Will states accept Obama’s insurance exchange fix?

Only three states have said so far that they will let insurers offer out-of-compliance plans.

Will states play along with President Barack Obama and his new plan to allow people who like their health insurance plans to stay on them an additional year?

The proposed fix, which Obama announced Thursday under intense pressure from his own party, was meant to address criticisms that he had lied to the American people when he said “if you like your plan, you can keep it” while campaigning for the health care overhaul. Between 7 million and 12 million people were set to receive cancellation notices because their plans don't meet the minimum standard of coverage required under the new law.

The uproar forced Obama to backpedal. He’ll now allow health insurance companies to continue to offer plans that do not meet his law’s standards for an additional year, to give people more time to transition to the new federal marketplace.

But Obama’s fix does not actually guarantee that millions of people will be able to keep their plans. Insurance is regulated at the state level, and state officials can reject Obama’s request. Secondly, insurers themselves are not required to reoffer the out-of-date plans to consumers.

As of Friday afternoon, regulators in at least three states had already announced they plan to reject the president’s request.

Arkansas Insurance Commissioner Jay Bradford said the change would be “too confusing” and would create “chaos.” Meanwhile, regulators in Vermont and Washington said they too were rejecting the renewals.

Erin Yang, a spokeswoman for the National Association of Insurance Commissioners, said the organization is concerned the president’s extension “could potentially be pretty damaging.” The organization worries that changing the rules so late in the game — when rates and plans for next year are already set — could create uncertainty and disruption in the market, Yang said.

Insurers and regulators were already three years into the process of phasing out plans that did not meet the law’s requirements and transitioning to the new federal and state marketplaces that rolled out on Oct 1.

Some states, however, jumped at the opportunity to re-enroll people in their old plans. Florida’s insurance commissioner said the state would allow the change, and Florida Blue, the state's largest insurance carrier, announced it would send new letters to the 300,000 people who received cancellation notices and offer to extend their old coverage.

Ohio and Kentucky’s commissioners also said they would allow the change, but mentioned it would be up to the insurers themselves whether to reach out to people with canceled plans and offer them renewal.

The vast majority of states are still deciding what to do, Yang said, as they try to work out with insurance companies whether the extension is even feasible.

“What we’ve heard from the rest of our members is, we’re talking to our carriers,” Yang said.

The insurance industry has not reacted favorably to Obama’s plan. America’s Health Insurance Plans’ President and CEO Karen Ignagni said in a statement Thursday that Obama’s fix could “destabilize the market and result in higher premiums for consumers.”

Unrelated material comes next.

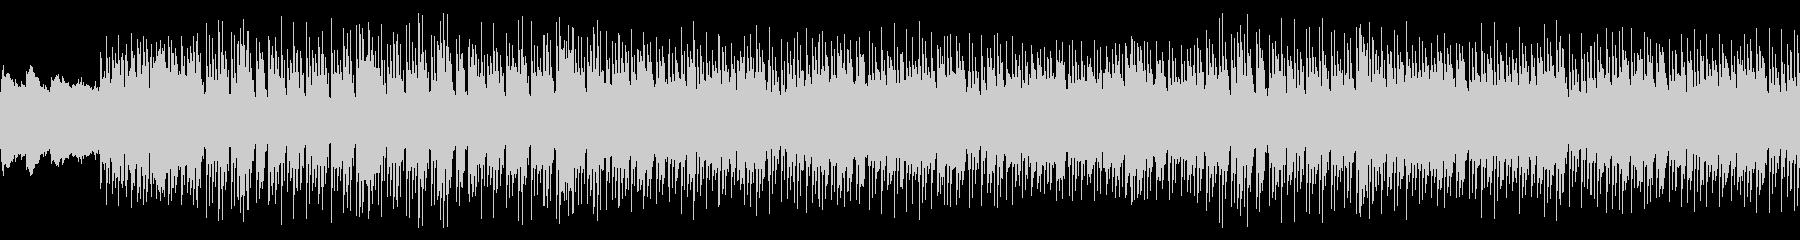 シンセの旋律が軽やかなテクノポップの未再生の波形

Ignagni said the change means more people could end up staying on their old plans, which will hike up costs for people participating in the new exchange. Many people on the individual market are younger and healthier, which means they are especially needed to participate in the new marketplace and offset the costs of older and sicker consumers.

But the federal subsidies available for many people through the federal exchange may lure consumers over on their own. People who stay with their old plan will not be eligible for subsidies.

And if many state regulators end up rejecting the change, it doesn’t appear that there would be a big affect on the exchange. Timothy Jost, a health care expert at Washington and Lee University, told Yahoo News he believes the impact on premiums and the insurance market will be negative, but small.

It would be a different story, however, if Congress compelled regulators and insurers to play ball. Thirty-nine House Democrats joined with more than 200 Republicans to pass a bill Friday that would go a step further than Obama’s plan, by actually requiring the insurers to extend their plans to people who received cancellation notices. Obama has threatened to veto the bill if it passes the Senate.

About 106,000 Americans signed up for individual coverage on the exchange in its first month of operation, far below the Obama administration’s targets. Federal budget officials expected 7 million people to enroll by the end of March.